ENGAGING MUSIC, BEAUTIFULLY RECORDED, SUPERBLY PLAYED
Pianists! Do not make the mistake of overlooking this new CD, even if the composer and the
performers are unknown to you. Everything here is magnetically pleasurable and worth many
hearings—-and many other performances. It contains the composer’s complete music for piano duo: a suite and a sonata.
Eric Ewasen (pronounced ee-WAY-sen) is an American composer with impeccable credentials who has taught at Juilliard for four decades and whose music is widely popular, although largely unknown to pianists. He is best known as a major composer of music for brass and symphonic wind ensemble. The pianists, Pamela Gordon and Pamela Penick, were long-time duo partners until the untimely death of Ms. Gordon. Both studied at the University of Alabama with Amanda Penick, the regional doyenne of piano teaching, and both have been on the piano faculty of that school. Their admirable playing is of a class that rises far above the level of local reputation.

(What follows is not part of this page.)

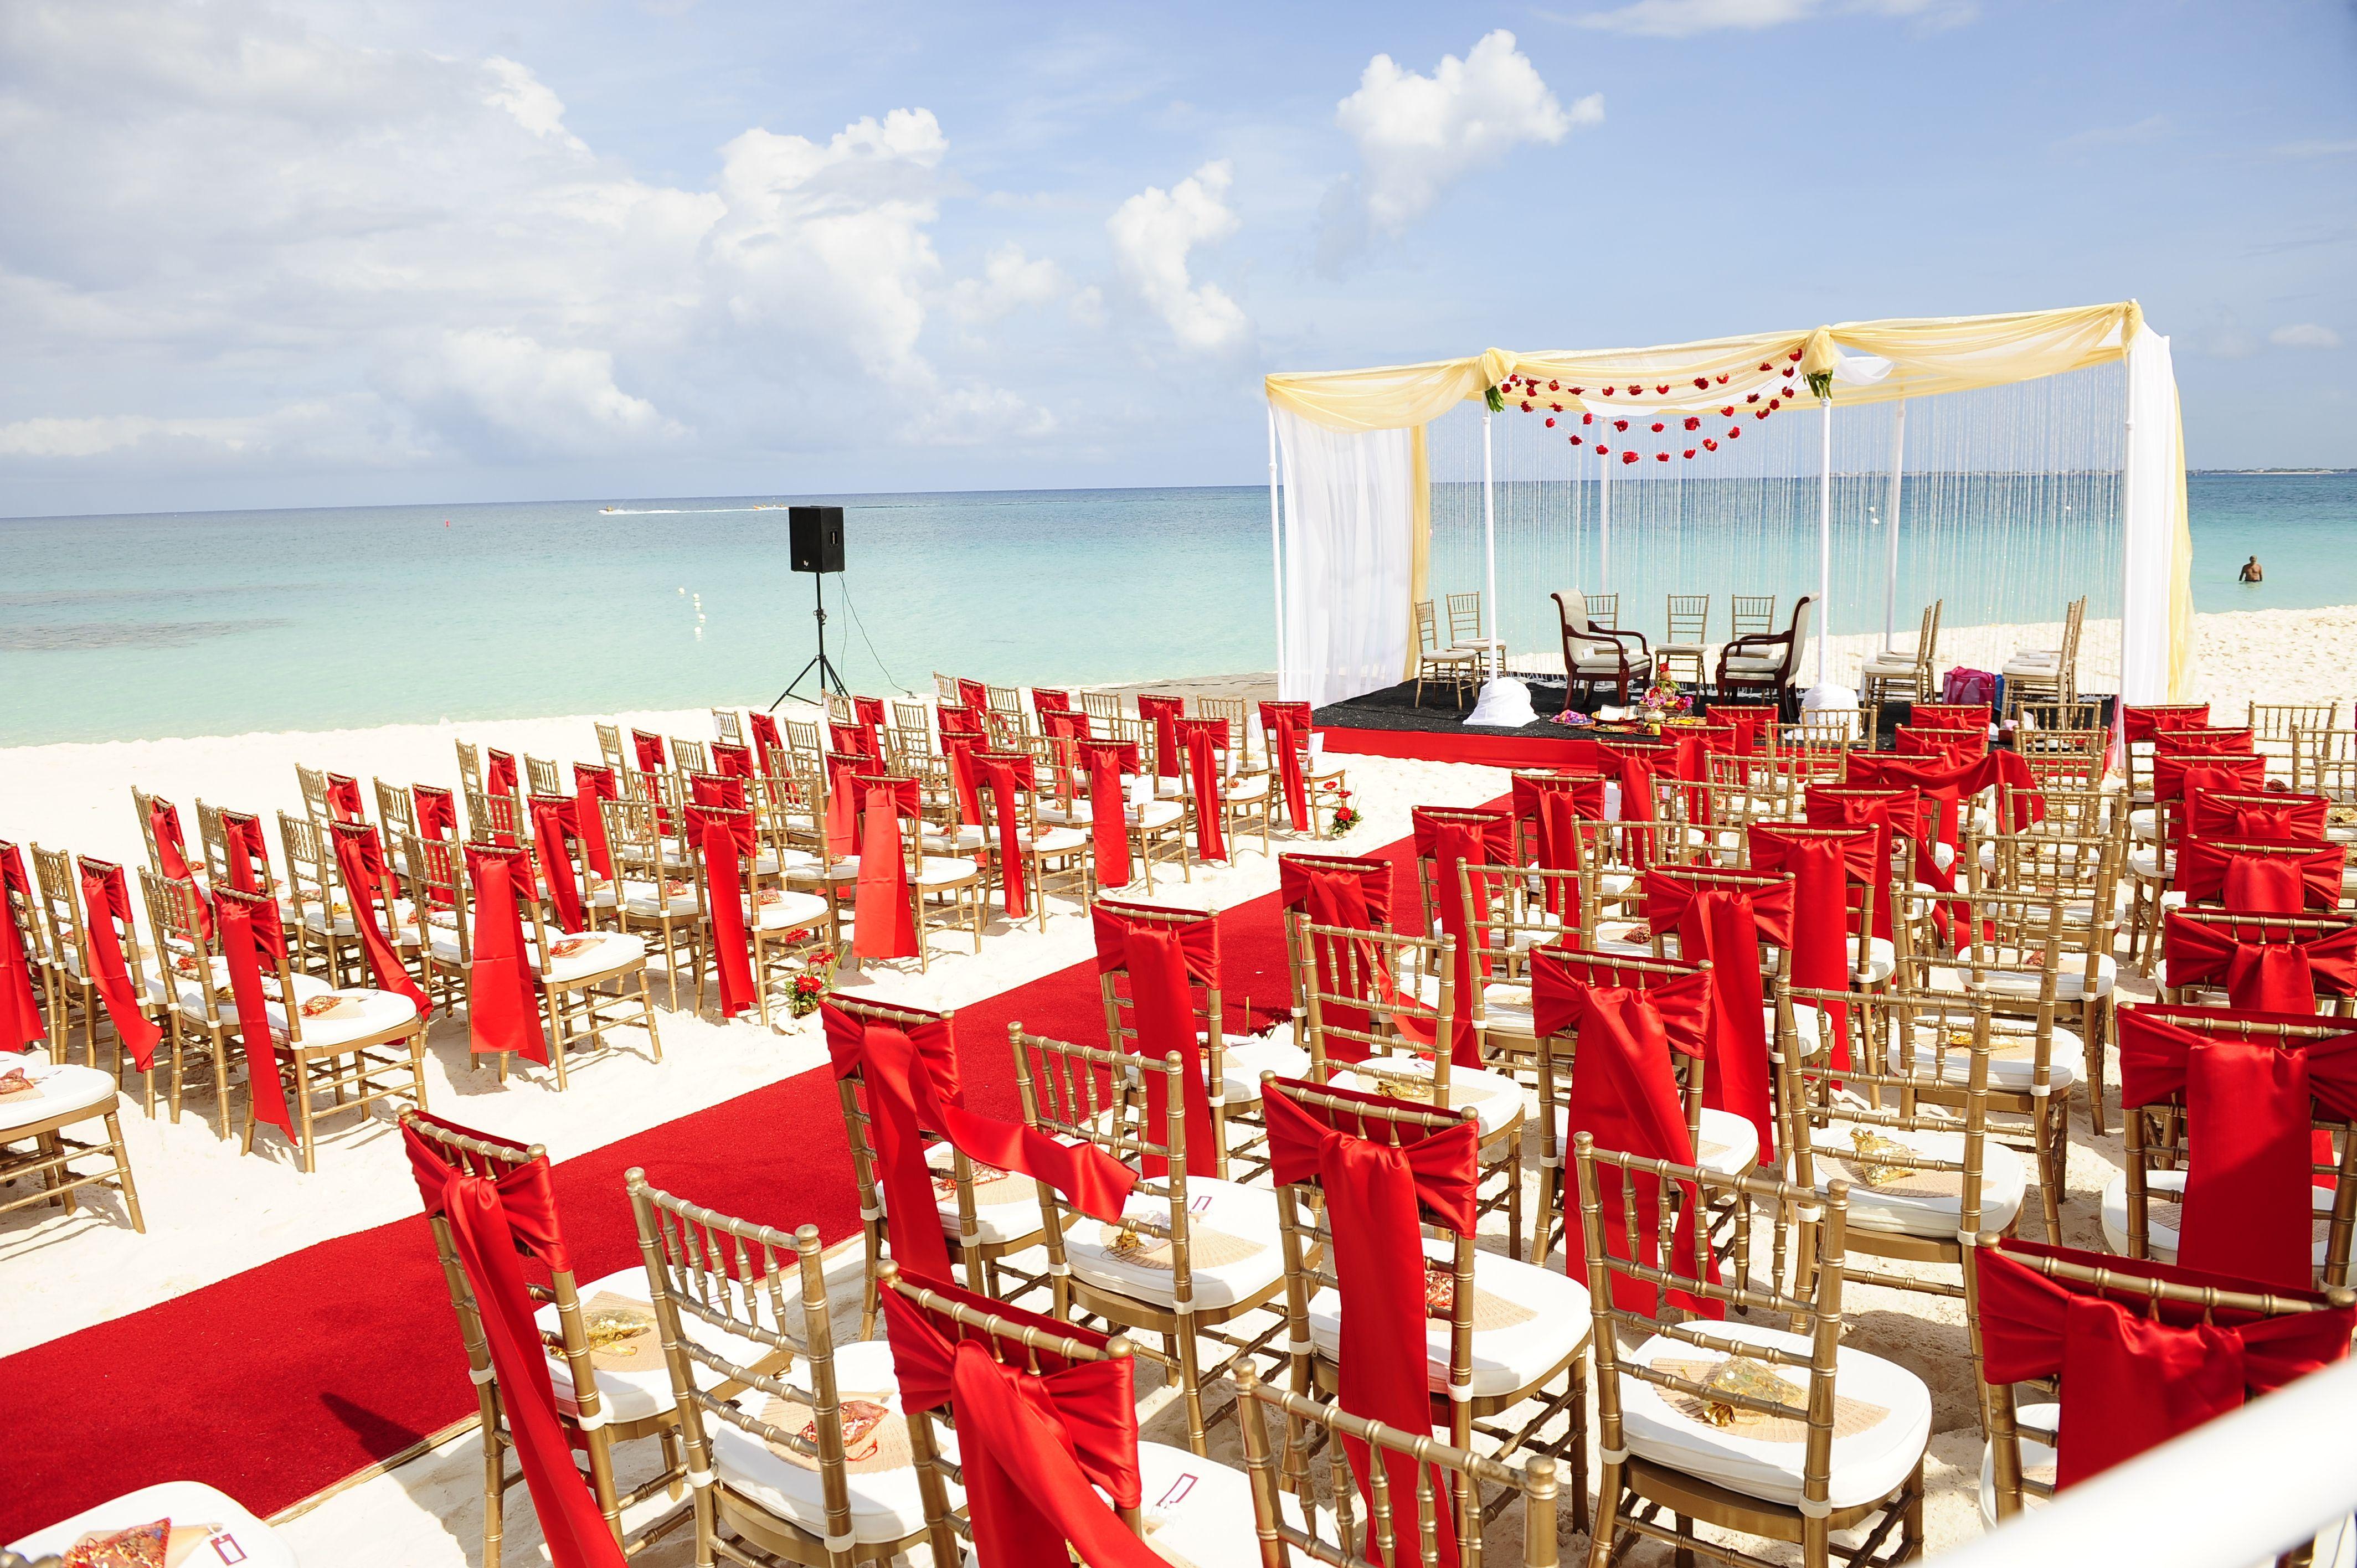 Aekta Jignesh Wedding Ceremony On World Famous Seven Mile Beach

The two works on this recording, the four-movement A Suite From the Cloud Forest (a four-hand version of Ewasen’s only solo piano work) and the Sonata for Two Pianos, share some signature qualities: voluptuous textures, often launched from soft or full booms in the bass and overlayered with quickly rippling figurations and singing melodies in the upper reaches of the keyboard; eminently pianistic writing that feels good under the hands; a tonal harmonic
language; singable melodies; and an overall sense that the piano is a glorious instrument to hear and to play!

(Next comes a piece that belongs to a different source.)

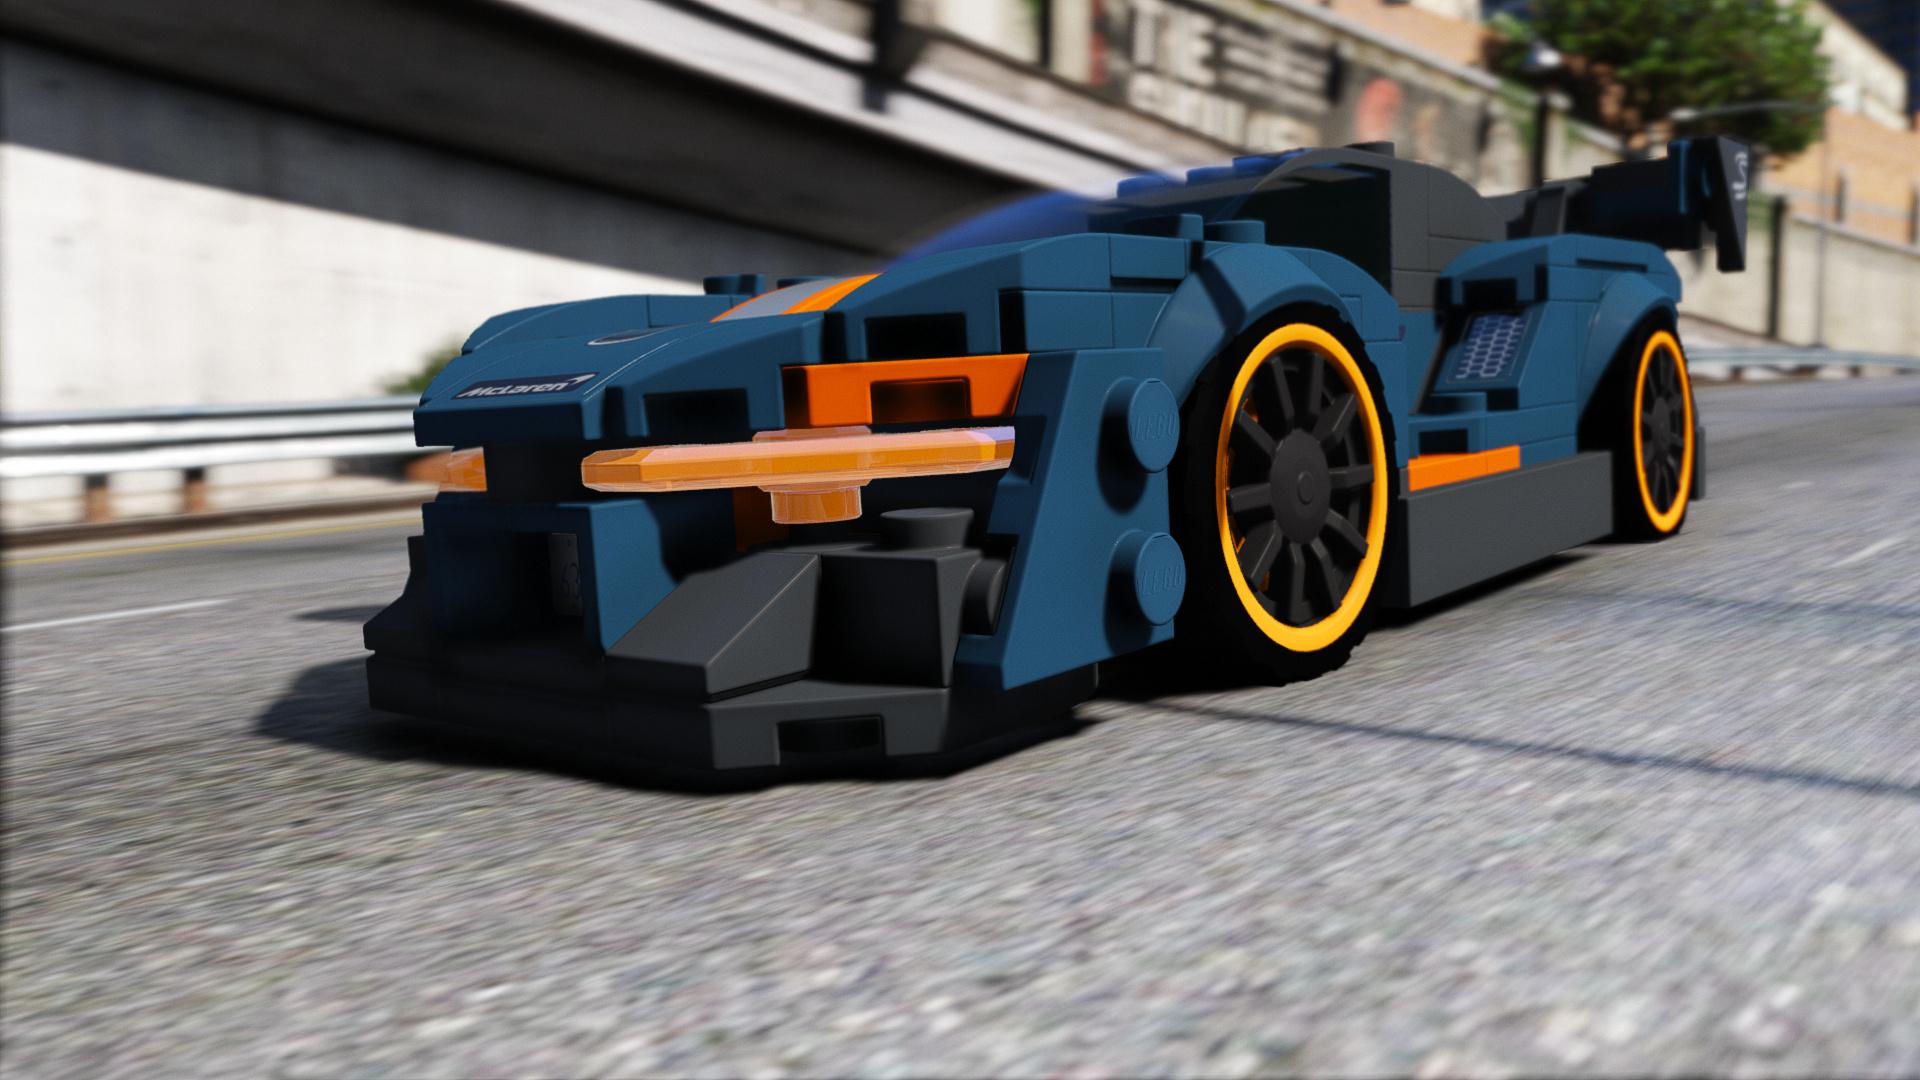 LEGO Mclaren Senna 2019 [Add-On / Replace | Template | OIV] 1.0

The composer tells us that A Suite from the Cloud Forest is “a programmatic depiction of four images found in the tropical cloud forests.” “The Resplendent Quetzal” uses swells of glowing sound to reveal a spectacular bird of paradise. “Gumbo Limbo,” a tropical plant with long, wavy leaves, moves from impressionist-inspired evocation to music akin to a line drawing, with long, wavy lines of counterpoint (even a fugue). “Poor Man’s Umbrella,” a plant with “large, floppy leaves,” emerges through a leisurely, swaying rhythm that suggests a slow and lazy barcarolle. Finally, “Kiskadee,” portraying “a bird whose call sounds like its name” is a genial toccata with brilliance and rhythmic energy devoid of manic drive. Its jaunty tune has the spirit and bounce of a sea chanty. The entire suite lasts for about fifteen minutes. With its vivid colorings and Caribbean-inflected tunes and rhythms, it claims its own territory in the four-hand repertoire, although Arthur Benjamin’s less sophisticated but once ubiquitous “Jamaican Rhumba” could be a second cousin to it.
Ewasen’s four-movement Sonata for Two Pianos is a more imposing, longer work of twenty three minutes’ playing time. Though it has none of the Suite’s folk or cultural flavor, it has in
abundance the same kinds of ear appeal and direct emotional communication found in the Suite. It is beautifully cast for the two-piano idiom and it gives both players equal opportunities for virtuosic brilliance. The first movement explodes with energy, rhythms, and colors lavishly displayed, and proceeds through exciting build-ups to gorgeous climaxes. Starting with a slowrocking rhythm reminiscent of “Poor Man’s Umbrella” the slow movement introduces an upperregister melody, as of liquid glass. It returns memorably late in the movement. In between comes some counterpoint, often melded with characteristic rippling note patterns. After the quiet of the slow movement the brief scherzo is an attention-getter: lithe, perky, jazzy, and quick. The finale begins in a declamatory style imbued with luxurious arpeggios, and soon gives way to a toccata (though not so named) that exudes the confidence, optimism, and energy often identified with twentieth-century American music. An exciting combination of the colors and technical brilliance of the earlier movements brings the work to a grand, ovation-inducing close.
Both the Suite and the Sonata are clearly great fun (of the hard-working variety) to play. They
contain not an ounce of the nervous tension and anxiety found so commonly in music of the past hundred years and more. Rather, a sense of pleasurable contentment and even joy seem to be at the heart of Ewasen’s musical personality. (It is surely not just a coincidence that a broad, friendly smile dominates his publicity pictures.) He is well served by Pamela Gordon and Pamela Penick. I can’t imagine a better performance of either work than the live, unedited ones on this CD.